Book of Beasts is accompanied by a richly illuminated volume, Book of Beasts: The Bestiary in the Medieval World, which has 270 illustrations and scholarship from leading academics within the fields of medieval manuscripts and the interpretation of animals in the Middle Ages. The volume was edited by Elizabeth Morrison, senior curator of manuscripts at the J. Paul Getty Museum, along with Larisa Grollemond, assistant curator of manuscripts also at the Getty. I spoke with Dr. Grollemond about how the exhibition came about and why bestiaries have become a source of fascination today in everything from Tolkien to J.K. Rowling.
As Grollemond notes, this exhibition draws upon a smaller one organized by Morrison back in 2007 called Medieval Beasts. This was the year that the Northumberland Bestiary, a well illustrated, thirteenth-century English bestiary, was acquired by the Getty, making the research center a global hub for the genre. In 2017, UCLA’s Center for Medieval and Renaissance Studies and the J. Paul Getty Museum’s Manuscripts Department hosted scholars for an interdisciplinary symposium, “The Ark After Noah: Books, Beasts, and Bodies of Knowledge.” From there, Morrison and Grollemond worked to make this unique exhibition into something that underscored not only the bestiary texts themselves, but the relationship between literary animals and other medieval objects. Grollemond says:
Scholarly focus on the bestiary had largely been dedicated to tracing the development of and variations between the texts, and so Beth and I wanted to shift attention towards the visual tradition, which is why the exhibition includes not only many of the most important bestiary manuscripts created during the Middle Ages, but also objects in a variety of other media that show how the bestiary’s animals and stories became a part of the visual vocabulary of the Middle Ages, popular across Europe for many hundreds of years.

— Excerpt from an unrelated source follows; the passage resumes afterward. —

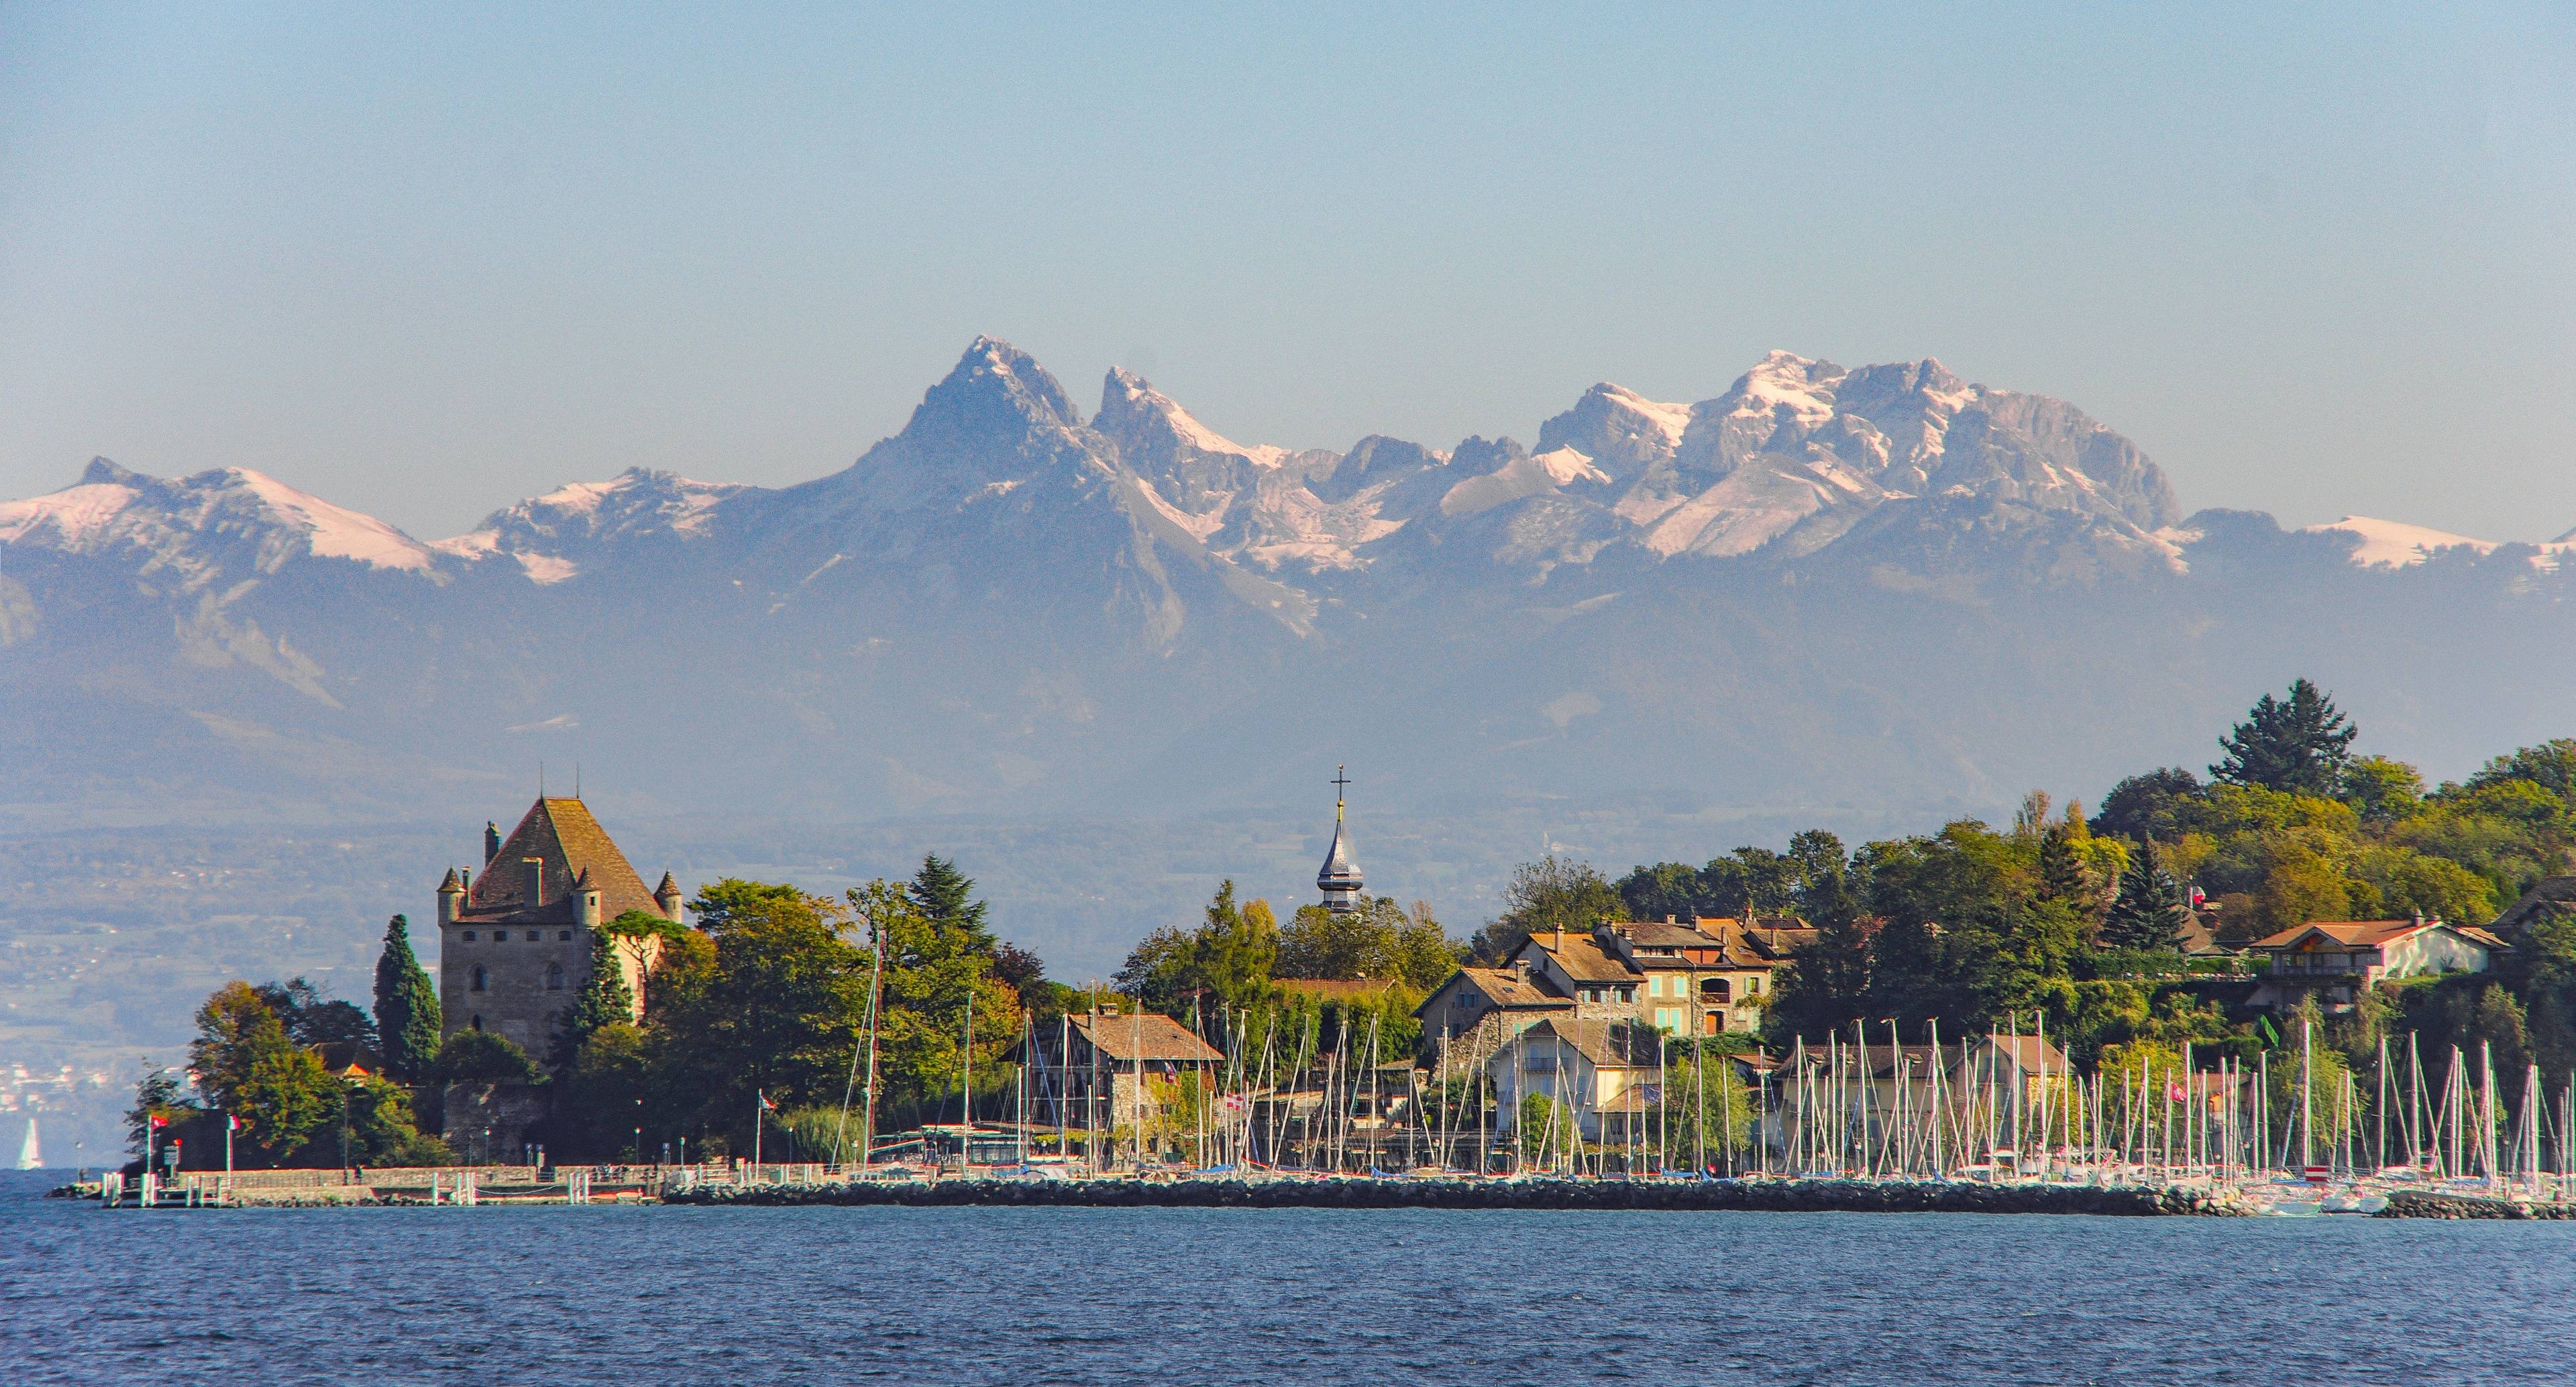 From the Picturesque Leman Lake to the Magical Burgundy
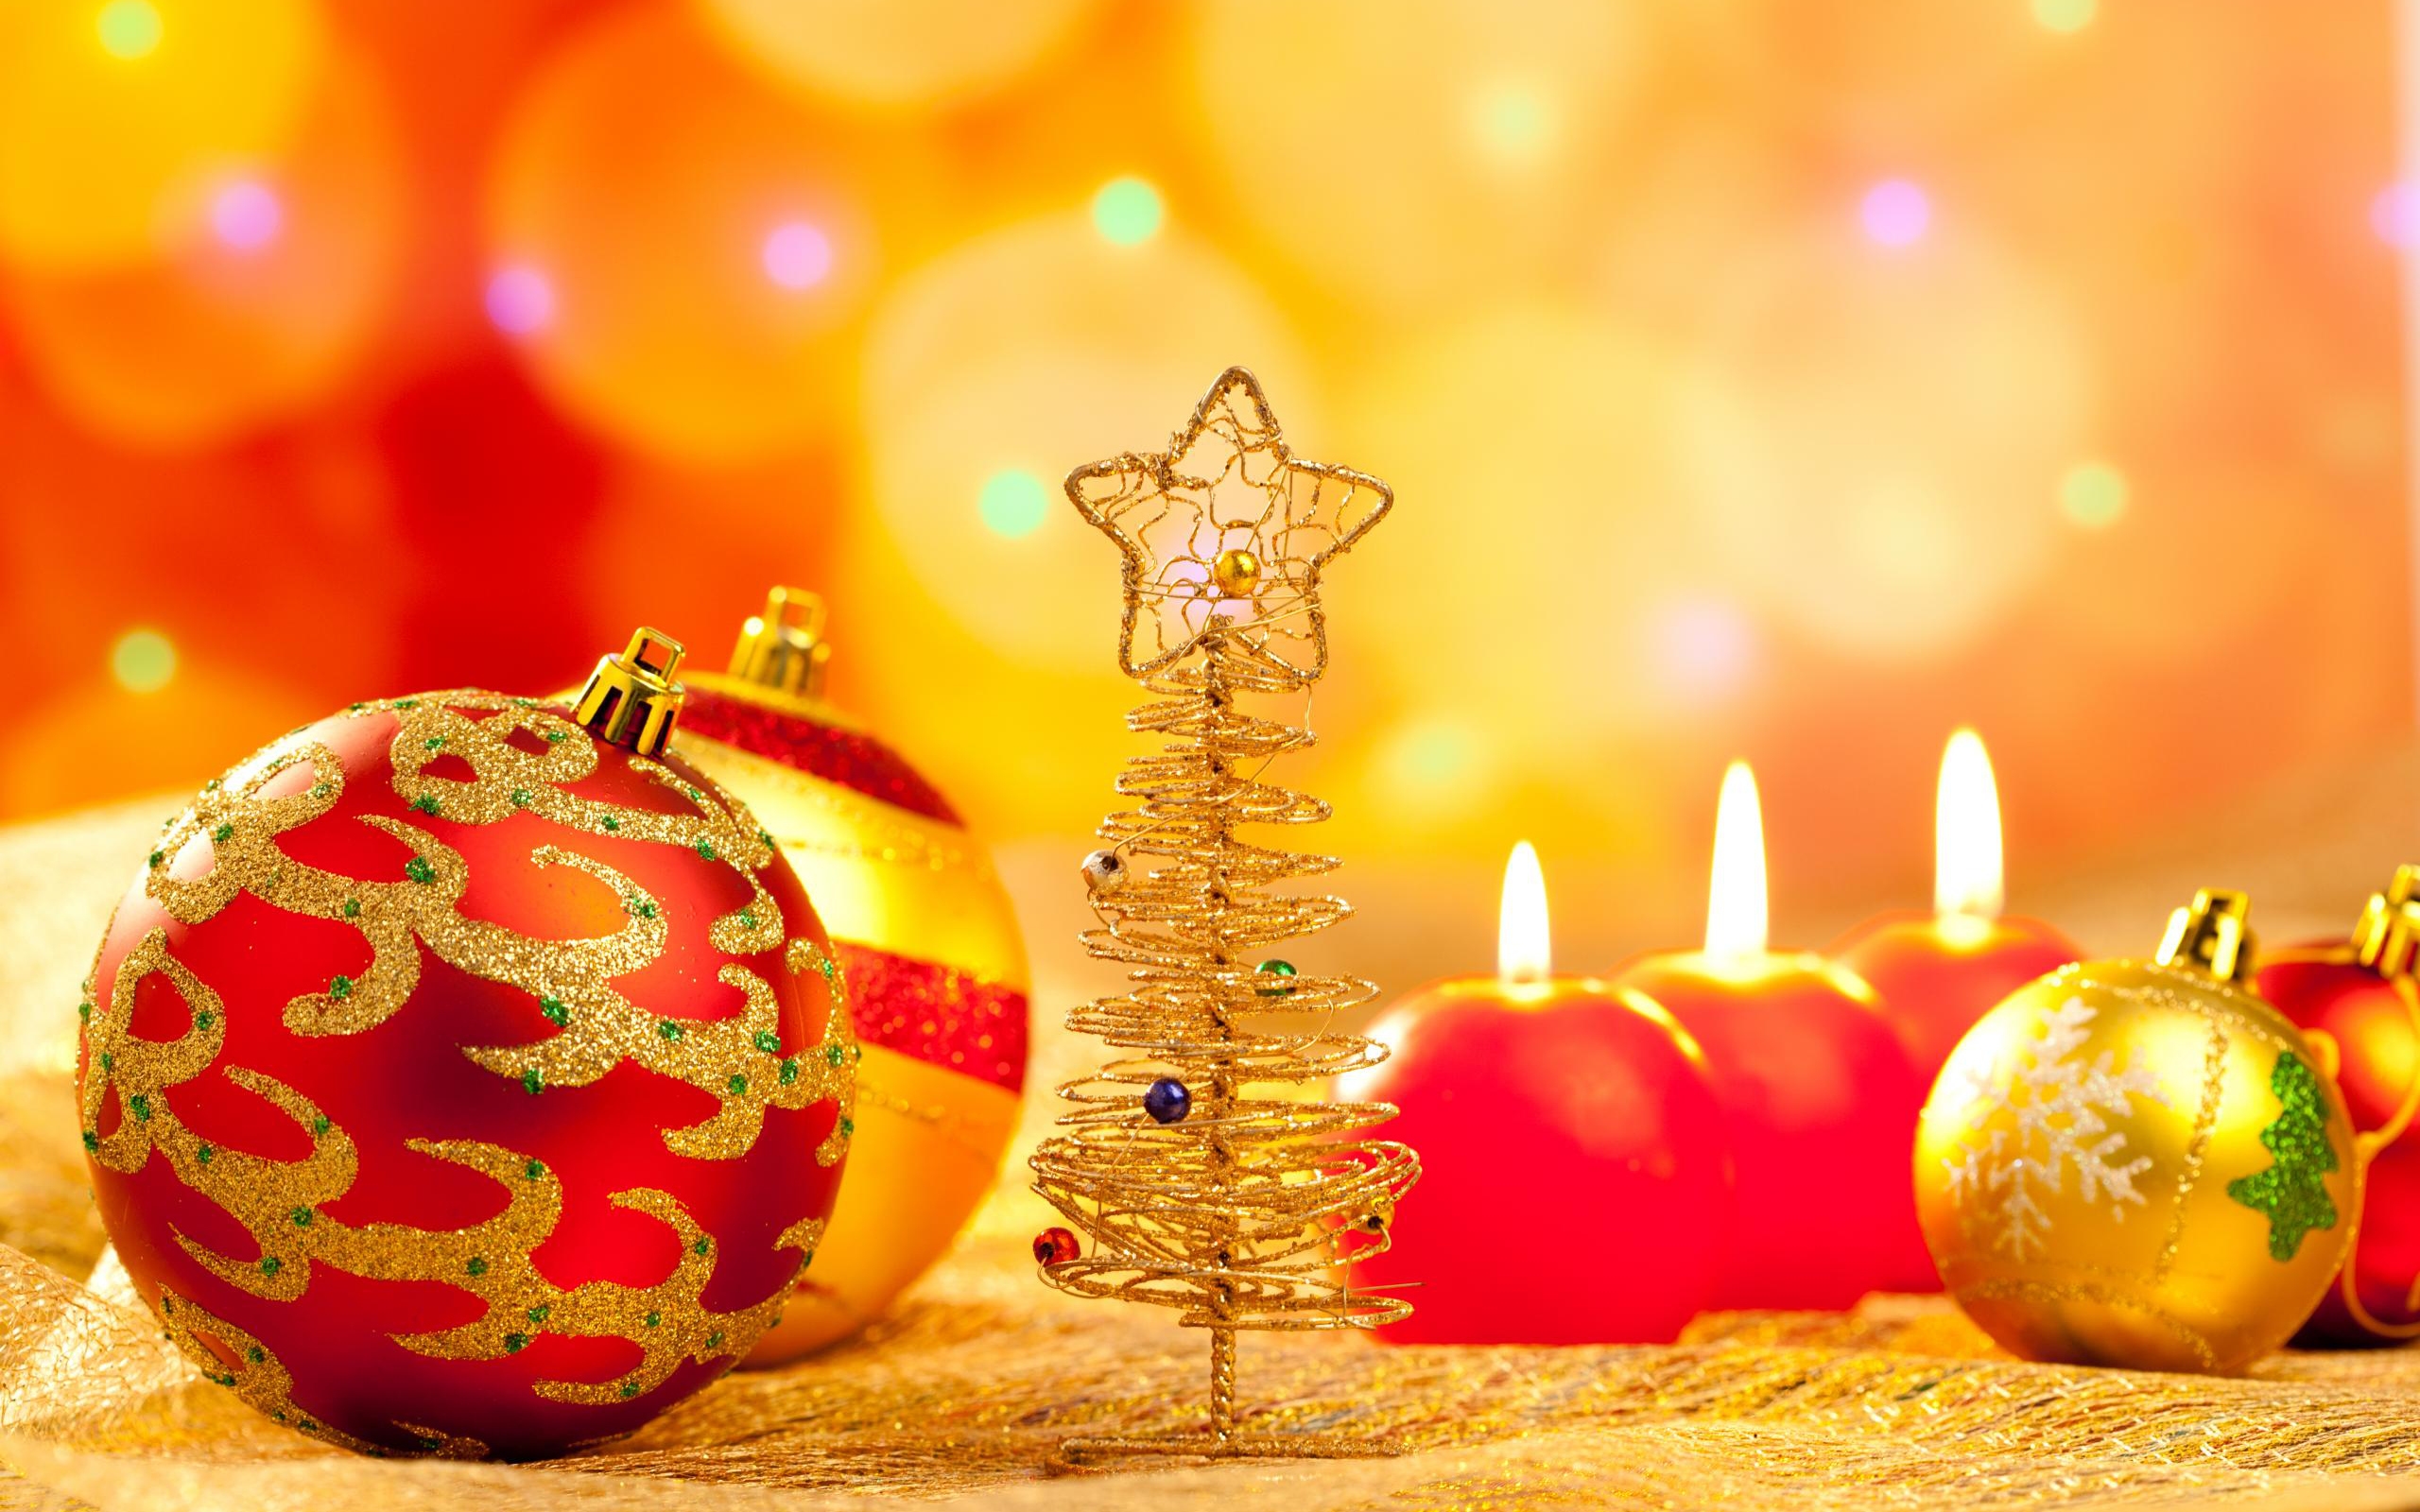 Special Christmas Ornaments for 2560 x 1600 widescreen resolution

As Book of Beasts underscores throughout, manuscripts do not exist in a vacuum. Unicorns could be seen in many medieval bestiaries, but they also appear in household objects like a fifteenth-century German unicorn aquamanile (water vessel), which is brought here by loan from the Metropolitan Museum of Art. Objects, texts, and ideas all influence each other.
While some visitors may be astonished to discover previously unknown medieval animals, they will likely also connect to the recognizable visual language communicated by these illuminated manuscripts. As Grollemond notes:
One thing that visitors to the exhibition may not know is how familiar they already are with the bestiary — common sayings including “lion, king of beasts,” “wily as a fox,” “crying crocodile tears,” and “memory like an elephant” are all based on the characterizations of animals from the medieval bestiary. So much of our received wisdom about animals and the way they supposedly behave and their personality traits are directly taken from the bestiary and have been so ingrained in western consciousness that they’re like second nature to the way people still think about the animal world.
Grollemond relates that the original illuminations are important to understand, but so is how they have been received by popular culture. Gauging the impact of the medieval bestiary relies in part on seeing how the illuminations influenced art, media, and texts today:
Animals especially associated with the Middle Ages, like unicorns, dragons, and griffins, continue to fascinate contemporary audiences, especially seen in pop culture icons like Harry Potter and Game of Thrones. The visual legacy of the bestiary itself is reflected in the last section of the exhibition, which collects together works by a number of modern and contemporary artists who either work with the combination of text and image centering on animal allegories, or are exploring the points of intersection between the human and animal worlds.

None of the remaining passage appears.